Some additional points (briefly):
- How quickly can we compute $f(X)$?
- Can we accelerate convergence (variance reduction)?
### Pseudo-random number generation
- Pretend *deterministic* and process is random.
- We lose if it doesn’t *look* random!
- ... but *quasi-random* numbers (low-discrepancy
sequences) are also useful.
- RNG functions have *state*
- Basic `random()` call is *not* thread-safe!
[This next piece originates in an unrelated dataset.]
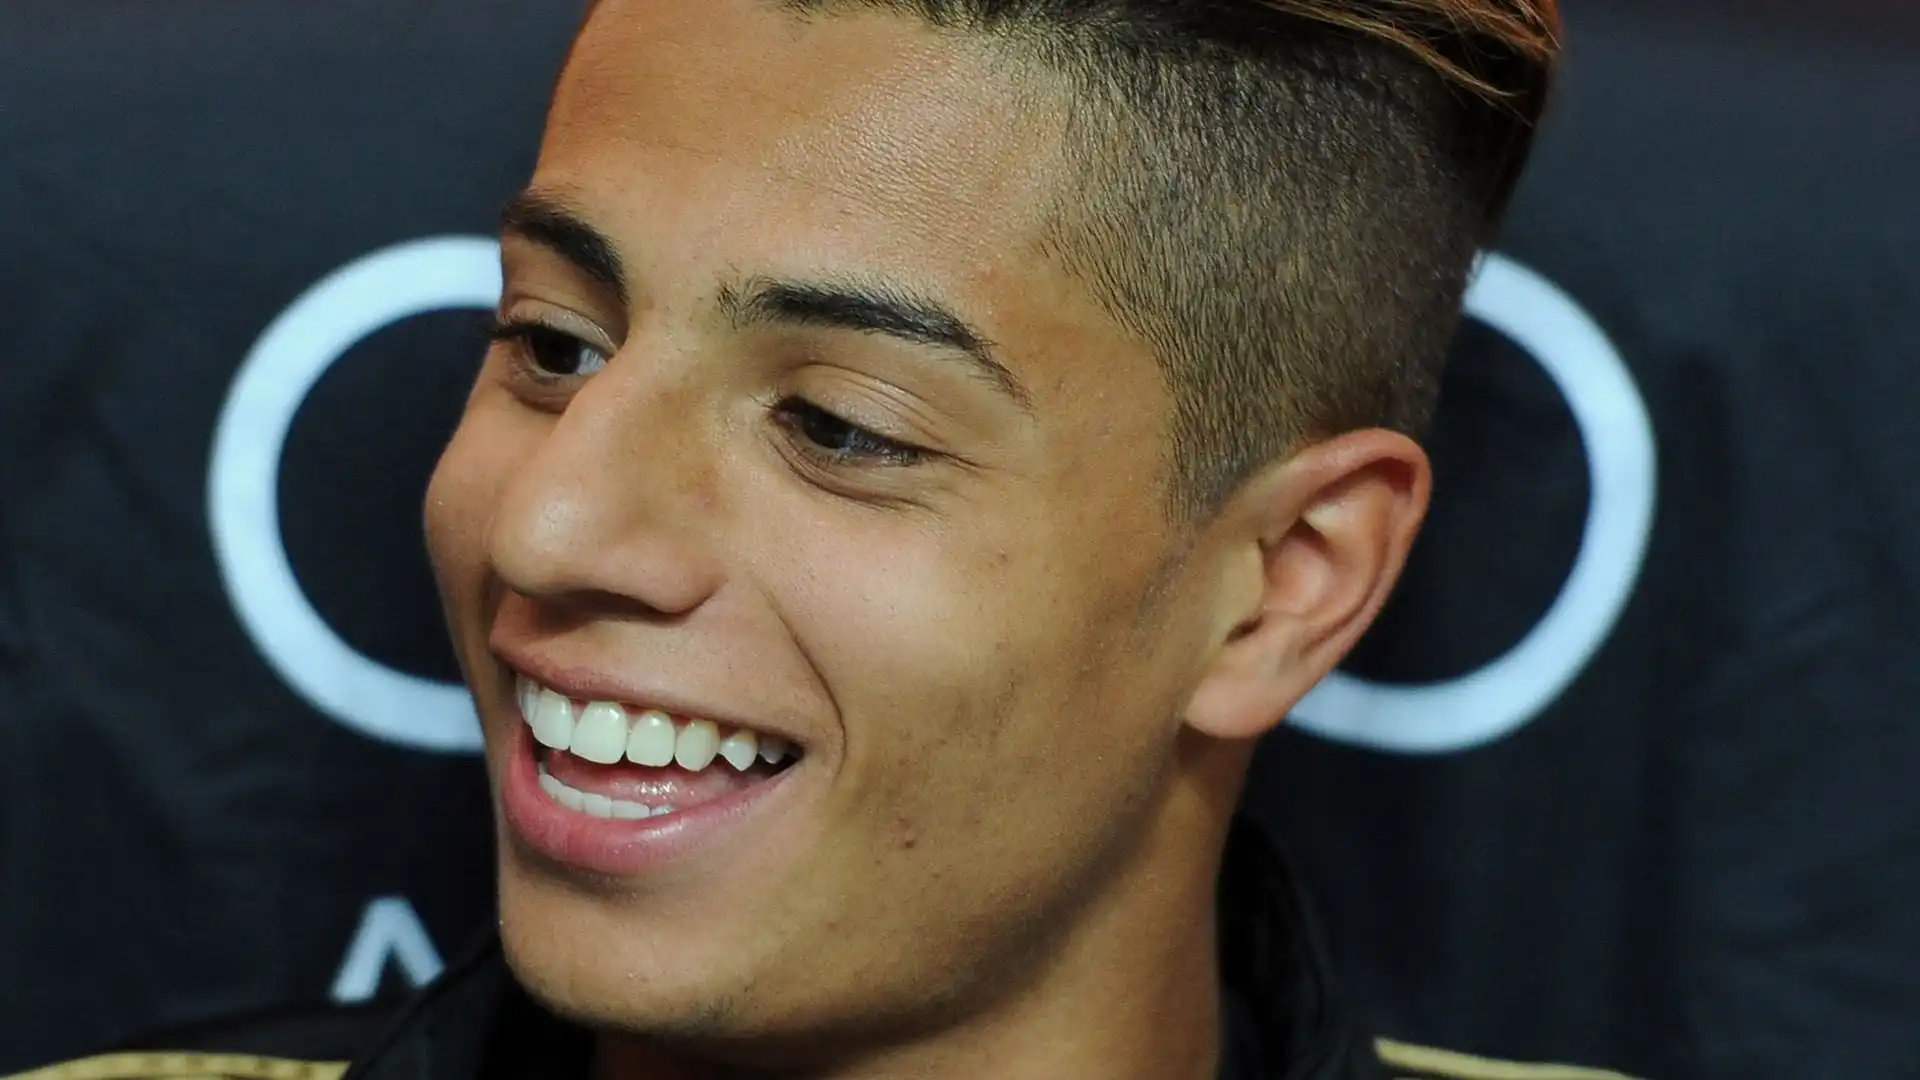 Il marocchino mostrava qualità tecniche da videogame e all'età di 15 anni registrò uno spot con Neymar

### Parallel PRNG strategies
- Put RNG in critical section (slow)
- Run independent RNGs per thread
- Concern: correlation between streams
- Requires RNG with a very long period
- Split stream from one RNG
- Leapfrog: thread 0 uses even steps, thread 1 uses odd
- Block: like leapfrog, but blocked fashion
- Helpful if it’s cheap to skip steps! (often the case)
Good libraries help! Mersenne twister, SPRNG, ...?
### One solution
- Use a version of Mersenne twister with no global state:
- Choose pseudo-random seeds per thread at startup.
- See: [Dynamic Creation of Pseudorandom Number
Generators](http://www.math.sci.hiroshima-u.ac.jp/~m-mat/MT/DC/dgene.pdf)
(Matsumo and Nishimura)
- [Code is also available](http://www.math.sci.hiroshima-u.ac.jp/~m-mat/MT/DC/dc.html)
### Toy problem: Version 2.1p
sum_fX = 0; sum_fX2 = 0; n = 0;
for each thread in parallel
do
fX = result of one random trial
++n;
sum_fX += fX;
sum_fX2 += fX*fX;
errbar = ...
if (abs(errbar/result) < reltol), break; end
loop
end
result = sum_fX/n;
Uh-oh!
### Toy problem: Version 2.2p
sum_fX = 0; sum_fX2 = 0; n = 0; done = false;
for each thread in parallel
do
fX = result of one random trial
get lock
++n;
sum_fX = sum_fX + fX;
sum_fX2 = sum_fX2 + fX*fX;
errbar = ...
if (abs(errbar/result) < reltol)
done = true;
end
release lock
until done
end
result = sum_fX/n;
Better, but expensive.
### Toy problem: Version 2.3p
sum_fX = 0; sum_fX2 = 0; n = 0; done = false;
for each thread in parallel
do
batch_sum_fX, batch_sum_fX2 = B trials
get lock
n += B;
sum_fX += batch_sum_fX;
sum_fX2 += batch_sum_fX2;
errbar = ...
if (abs(errbar/result) < reltol)
done = true;
end
release lock
until done or n > n_max
end
result = sum_fX/n;
### Some loose ends
- Alternative: “master-slave” organization
- Master sends out batches of work to slaves
- Example: SETI at Home, Folding at Home, ...
- What is the right batch size?
- Large $B$ $\implies$ amortize sync overhead
(and variance actually helps with contention!)
- Small $B$ avoids too much extra work
### Some loose ends
- How to evaluate $f(X)$?
- For $p$ points, obvious algorithm is $O(p^2)$
- Binning points better? No gain for $p$ small...
- Is $f(X)$ the right thing to evaluate?
- Maybe $E[g(X)] = E[f(X)]$ but
$\mathrm{Var}[g(X)] \ll \mathrm{Var}[f(X)]$?
- May make much more difference than parallelism!